WHAT THE EXERCISE ASKS: An exact transcription is needed of the lines below from the one with "1964 Buick Special" through the one with "Shoyoroll Brand Limited", with no other lines and no pictures.
═════ SOURCE INFORMATION ═════
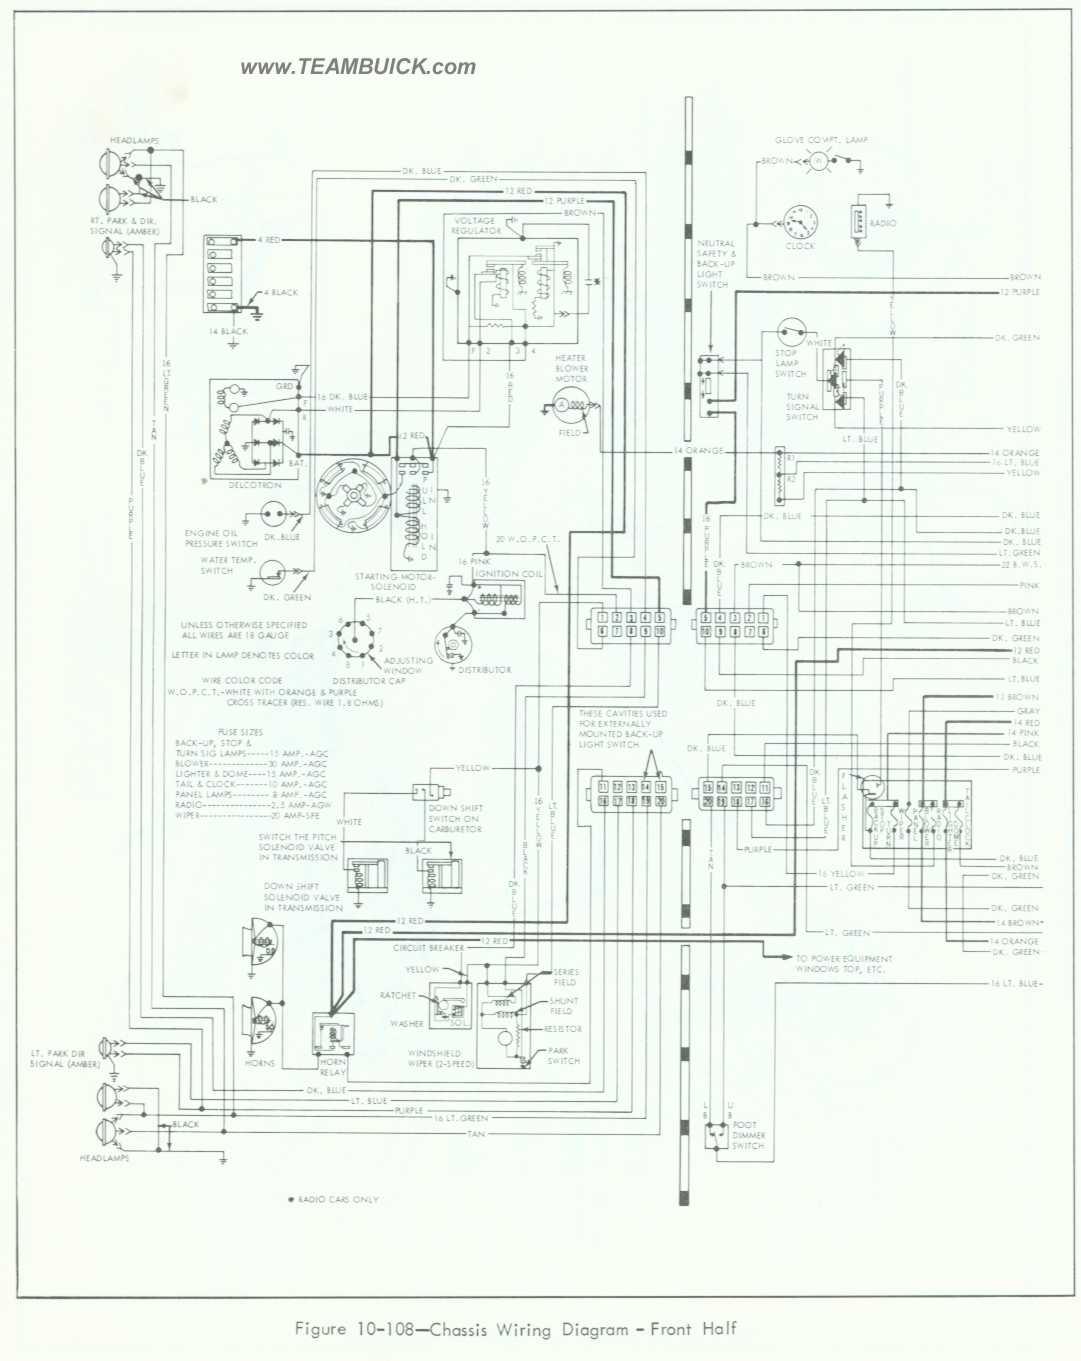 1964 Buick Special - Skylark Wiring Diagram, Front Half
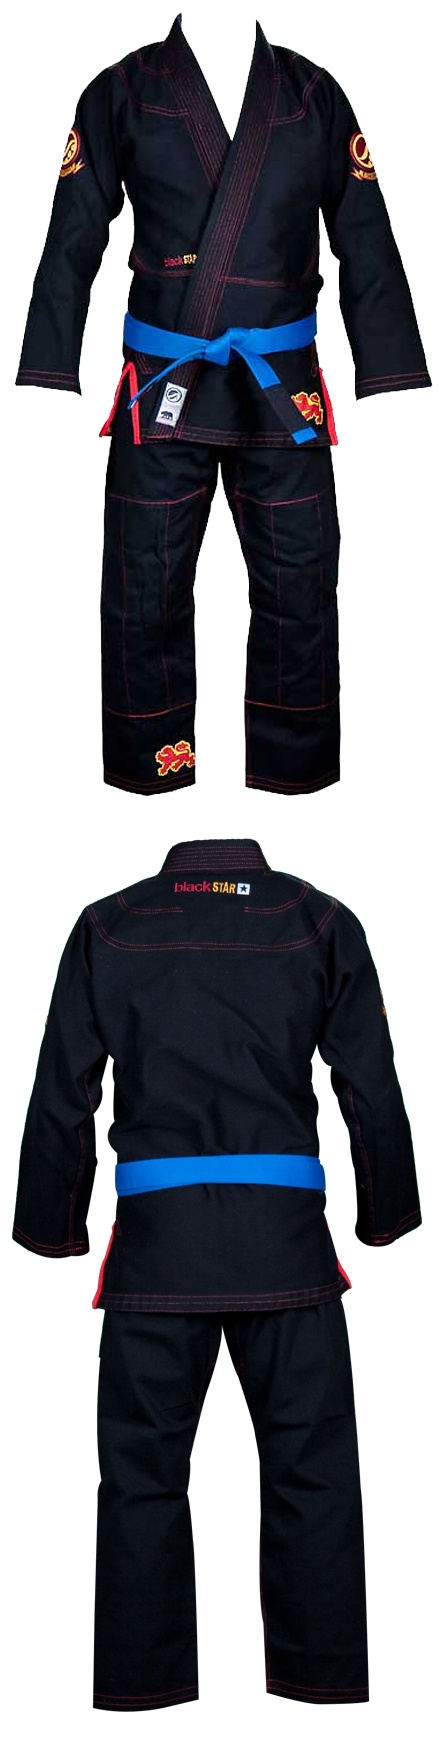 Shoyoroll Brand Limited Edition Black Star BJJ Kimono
═════
═════ SOURCE INFORMATION ═════
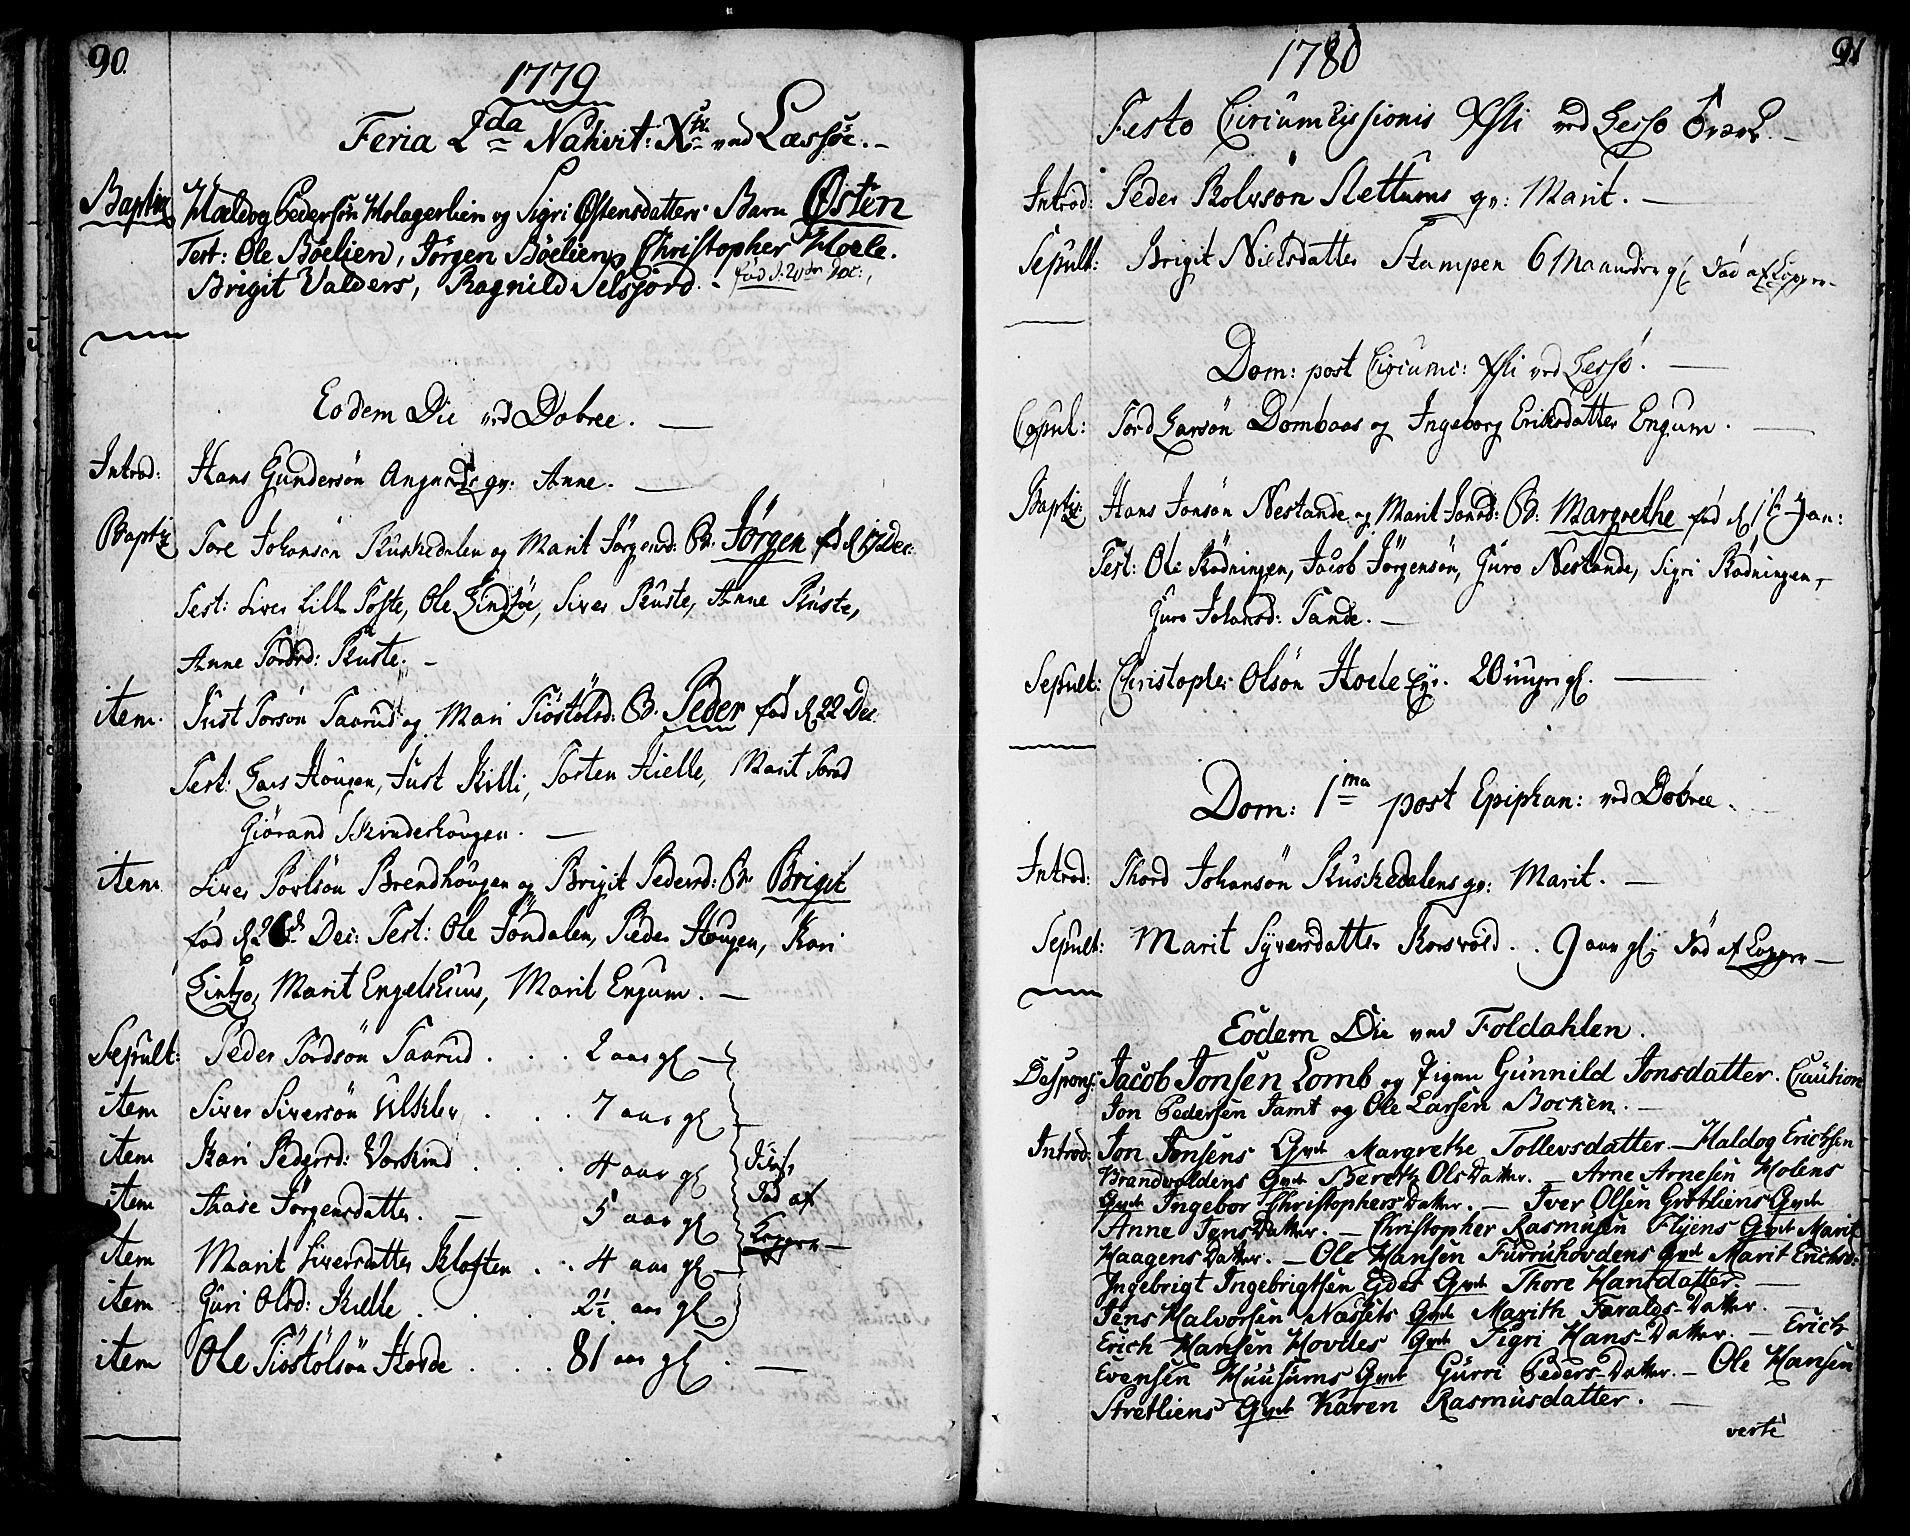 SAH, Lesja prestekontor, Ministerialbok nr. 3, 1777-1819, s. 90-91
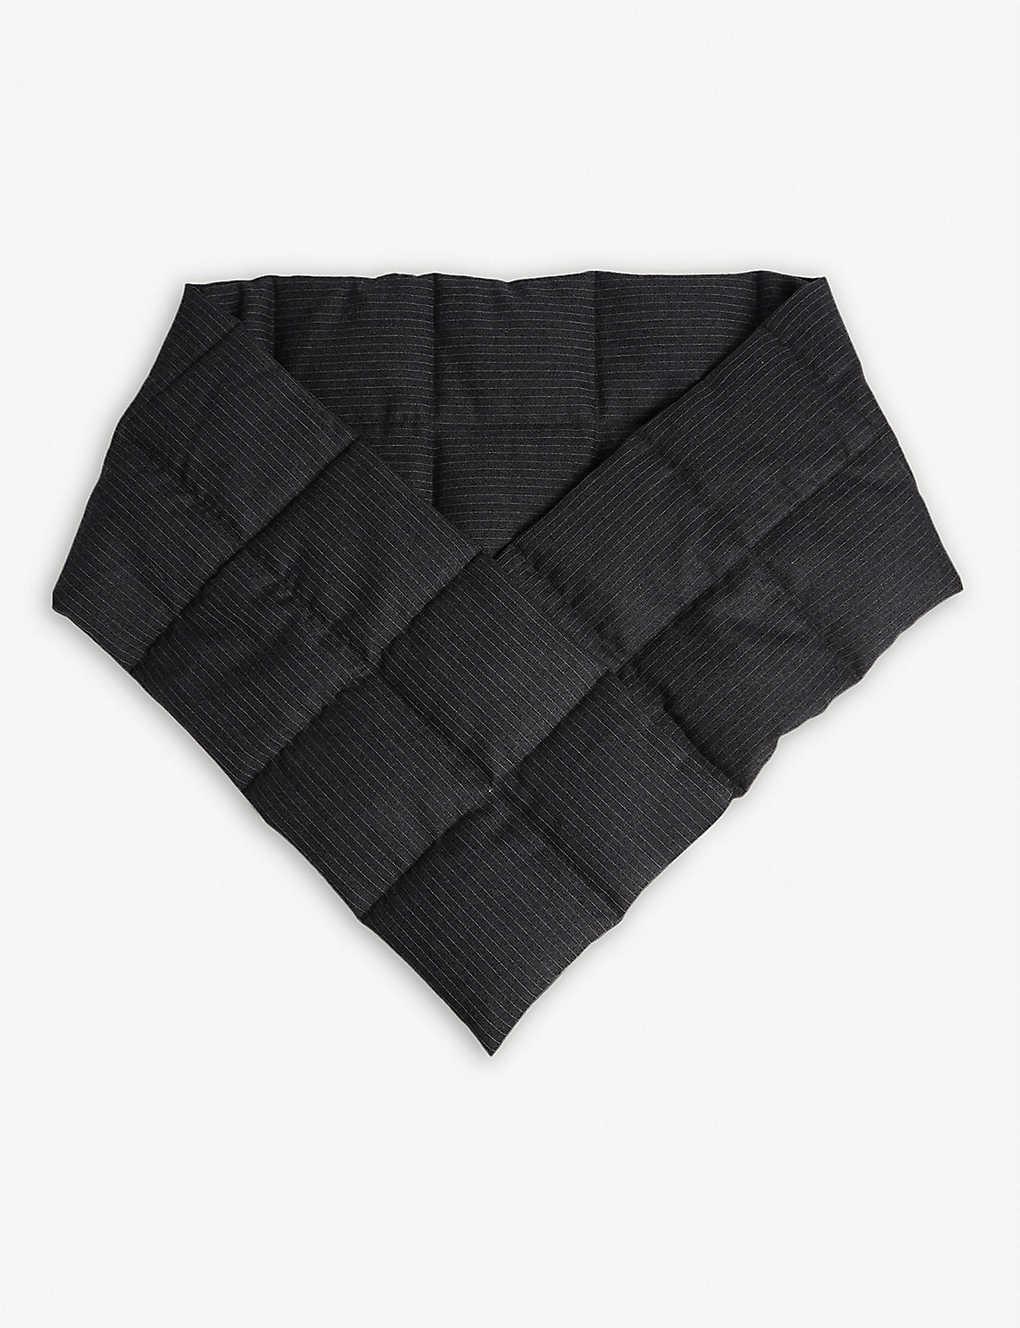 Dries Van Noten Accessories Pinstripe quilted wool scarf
═════
═════ SOURCE INFORMATION ═════
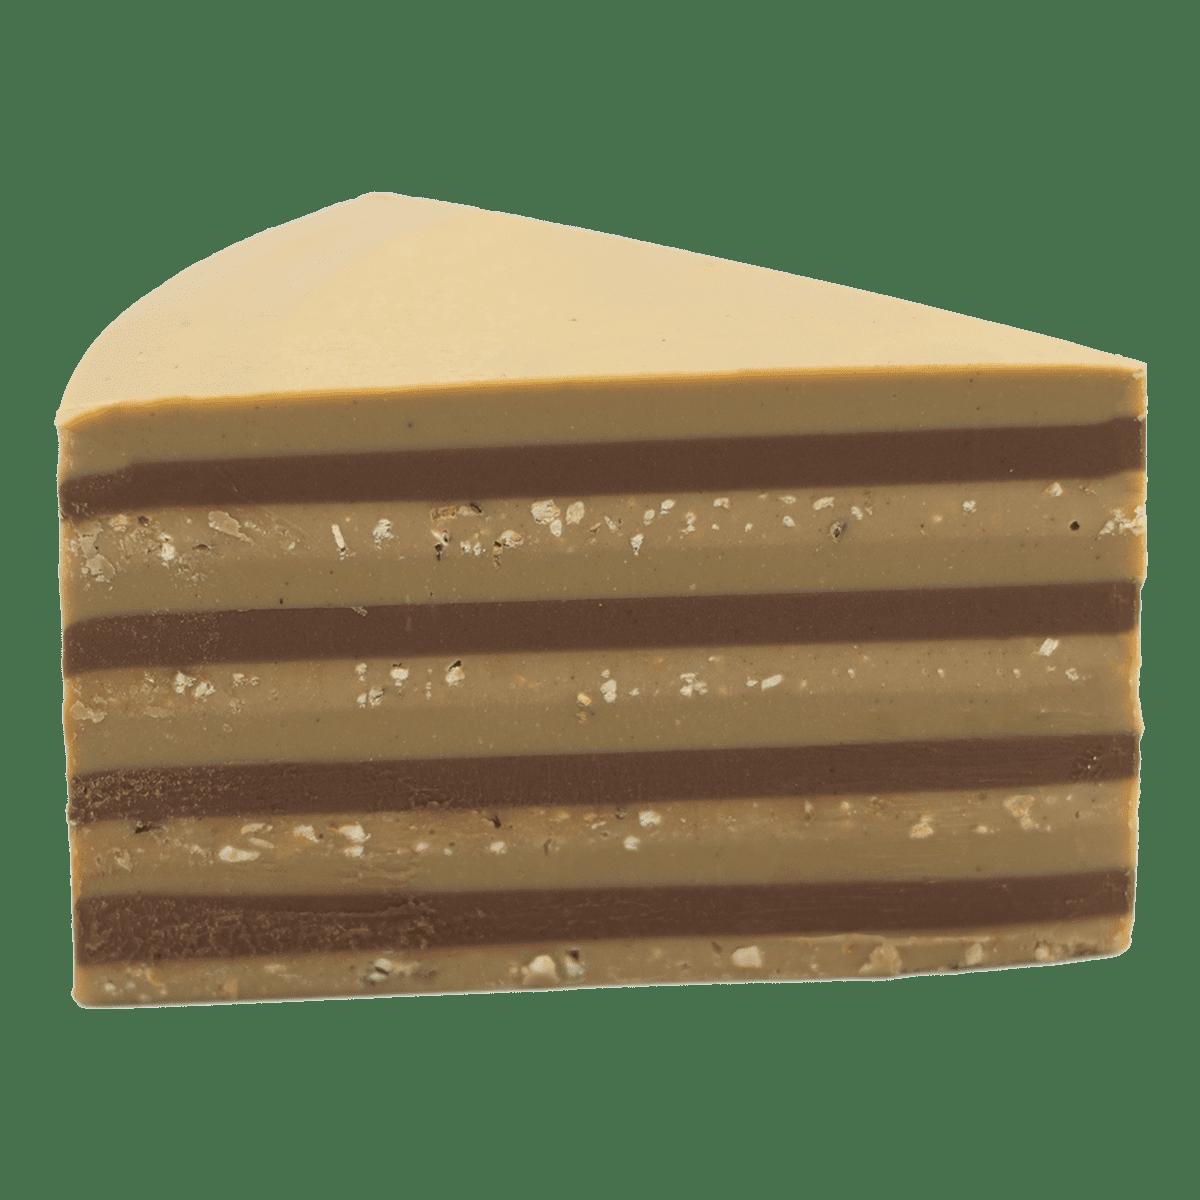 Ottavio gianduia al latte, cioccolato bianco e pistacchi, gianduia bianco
═════
RESULT BELOW:
 1964 Buick Special - Skylark Wiring Diagram, Front Half
 Shoyoroll Brand Limited Edition Black Star BJJ Kimono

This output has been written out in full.